A standardization can be incorrect, in terms of correctly parsing and representing an address form, and yet be acceptable in terms of matching. As long as the reference records and user records can be properly linked, it doesn't much matter how those records are expressed.
Standardization becomes truly problematic when
The first problem won't become evident until the match phase, whereas the second problem is usually discovered during the build phase. The process in dealing with them, however, is the similar. The easiest remedy often is to make modifications to your reference or user data. However, this remedy only suffices for small-scale, transient problems. The other solution is to change the behaviour of the standardizer. This is done by changing the standardization files.
If the standardizer produces a problem standardization or fails to produce a standardization at all, and if editing the relevant user or reference attribute records isn't feasible, then we have two principle options:
To test the standardizer, invoke PAGC from the command line with the -t flag. Enter the MICRO and MACRO portions of the address as prompted and the best standardization will be printed - or you will learn that the program can't standardize it:
[your_name@localhost whatcom]$ pagc -t Standardization test. Type "exit" to quit: MICRO:123 Ta Ta Lost Dog Rd MACRO:Anywhere BC V0V 0V0 No standardization of MICRO 123 Ta Ta Lost Dog Rd
For more detailed information, invoke PAGC with both the -t and -v switches.
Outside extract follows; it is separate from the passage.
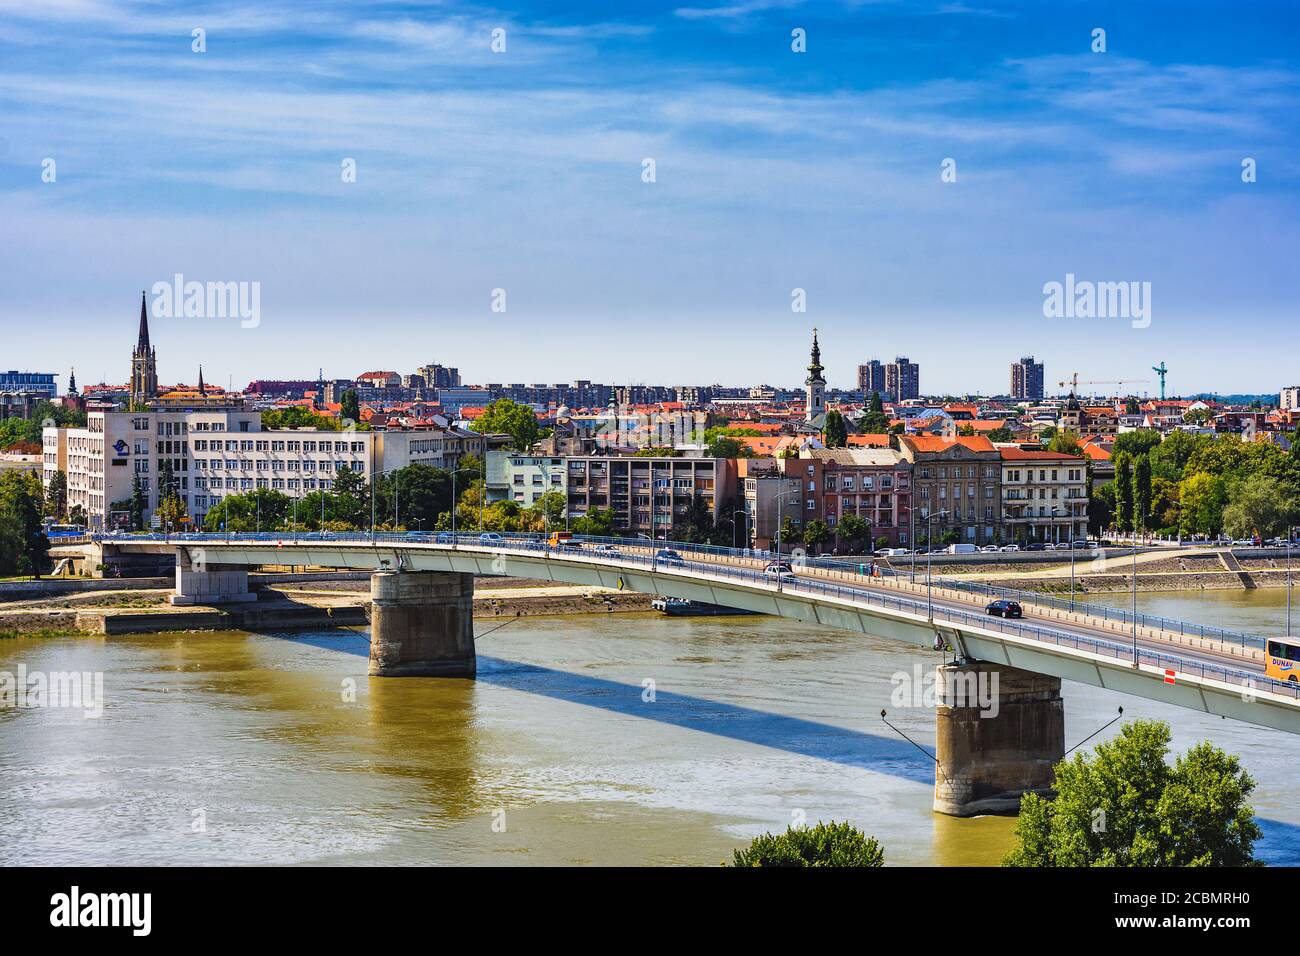 Novi Sad / Serbie - 16 août 2017 : paysage urbain de Novi Sad, deuxième plus grande ville de Serbie et capitale de la province autonome de Voïvodine avec Banque D'Images

For each of the MICRO and MACRO portions of the address the raw input tokenization candidates and raw standardizations will be printed, followed by the rule statistics for the combined address. However, if PAGC fails to find a standardization for either the MICRO or the MACRO, it will not produce the rule statistics.
For each position in the input the associated standardized text is printed along with the associated input token, number and name.
For each of the successful standardizations the score is given and then the content. The content will consist of the position in the input, the input token (number and name) selected, the standardized text, and the output token (postal attribute) assigned, number and name.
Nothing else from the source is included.